The manuscript is well-written and the documentation is quite clear.
The authors provide a handful benchmark against other well-established methods, which should help users become familiar with both the package and the underlying algorithm.
I only have one minor question before recommending this manuscript for publication in SciPost.
Requested changes
1. The DEAC results often exhibit oscillating curves, as shown in Figures 2, 3, and 4, where the authors attribute these oscillations to noise from Monte Carlo (MC) sampling. However, I find it somewhat confusing to determine whether the oscillations stem from insufficient MC sampling or from overfitting.
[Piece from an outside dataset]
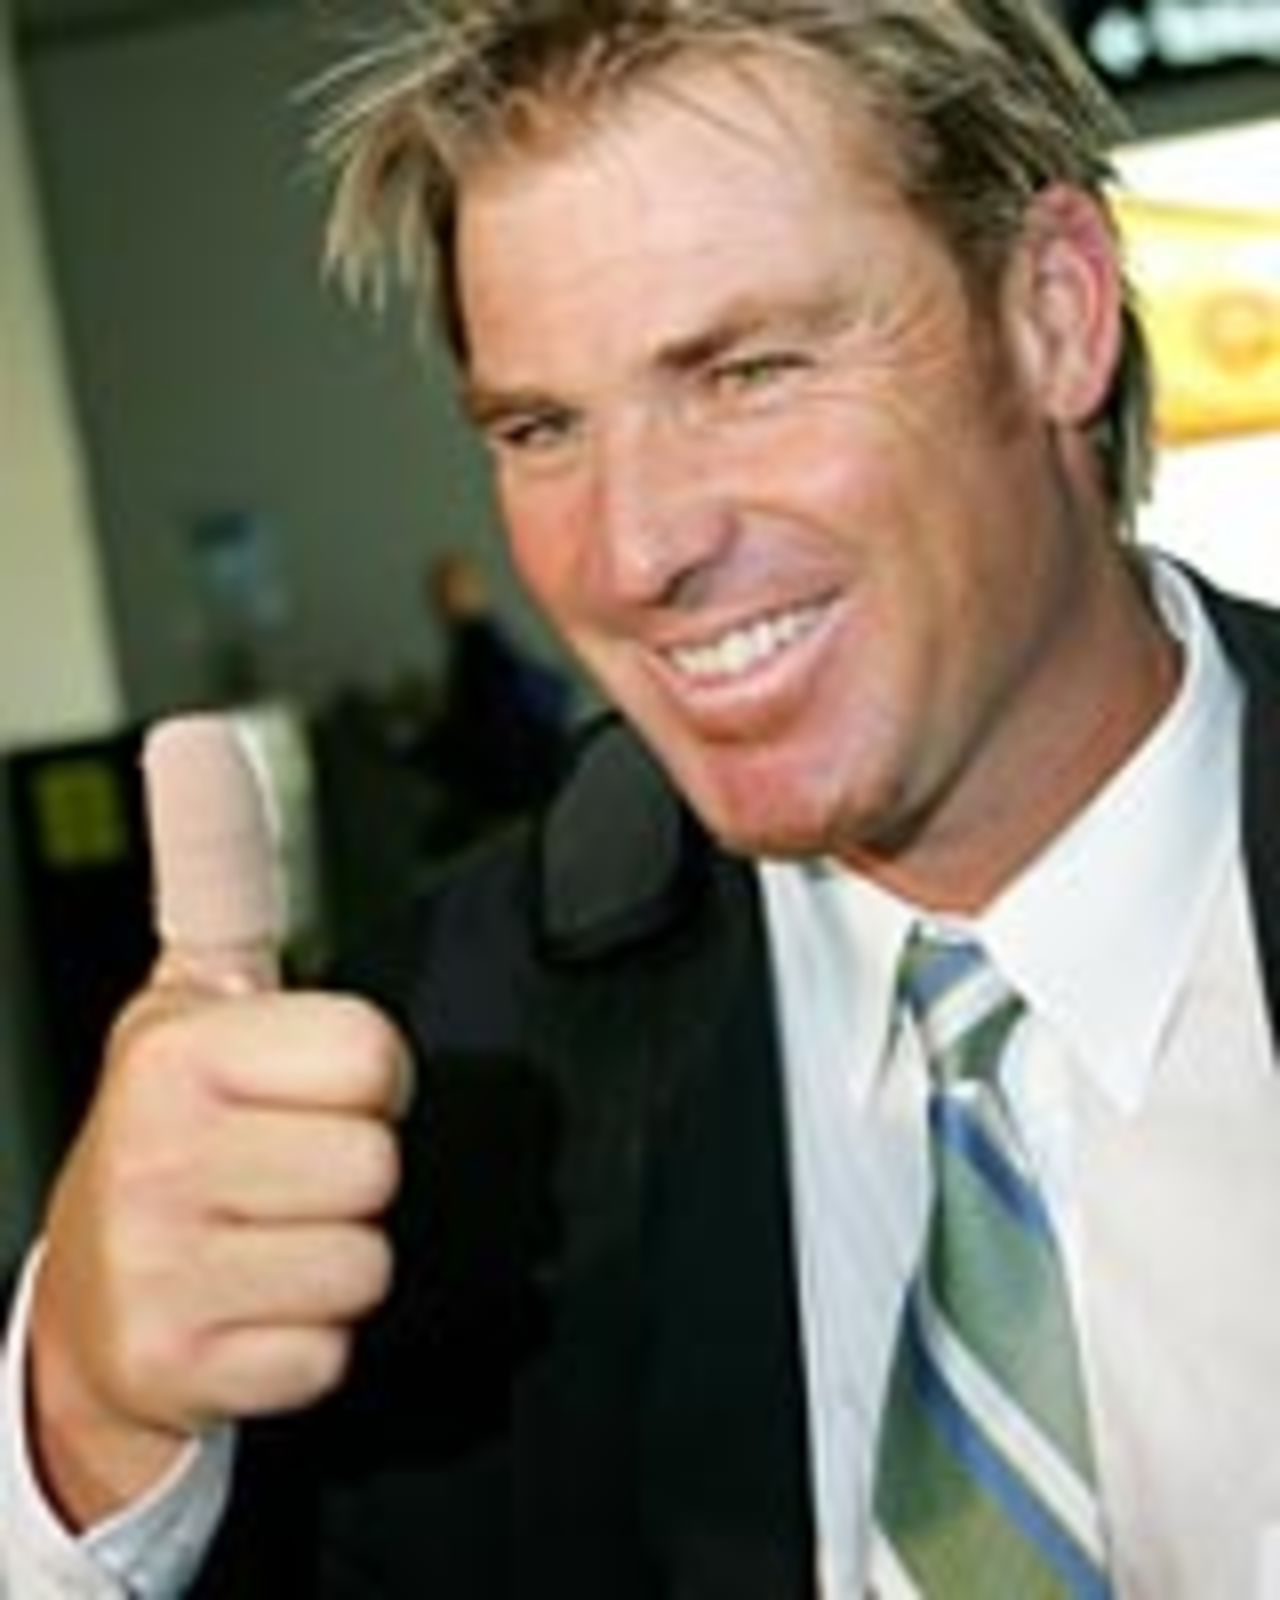 Shane Warne gives a thumbs up for the camera, November 4, 2004

In other words, are all the oscillations in Figures 2, 3, and 4 suppressible as the number of MC sampling increases? Could the authors demonstrate the convergence with respect to the number of runs for one or more of the selected test systems? Such an analysis would be highly instructive, providing users with clear guidance on how to assess the quality of their DEAC results.
Recommendation
Ask for minor revision
Author: James Neuhaus on 2024-10-02 [id 4823]
(in reply to Report 1 on 2024-09-14)We thank the Reviewer for their time and for their support for publication.
We believe that the oscillations in the DEAC data referenced by the Reviewer are the rapid
ones shown in each case due to the statistical noise introduced by sampling the population. One can
systematically decrease this noise level by averaging over more genomes. To demonstrate this, we have
added a new appendix to the paper that shows the evolution of the predicted spectra shown in Fig. 2e
as the total number of genomes increases. We have also added another appendix that discusses some
common spectral features we have encountered when we overfit a given spectrum. Attached are the two new figures which are included in the new submission. A noise vs number of genomes plot is on the left hand side, and a plot of target fitness is on the right hand side. Full explanations are included in the two new appendices.
Thank you.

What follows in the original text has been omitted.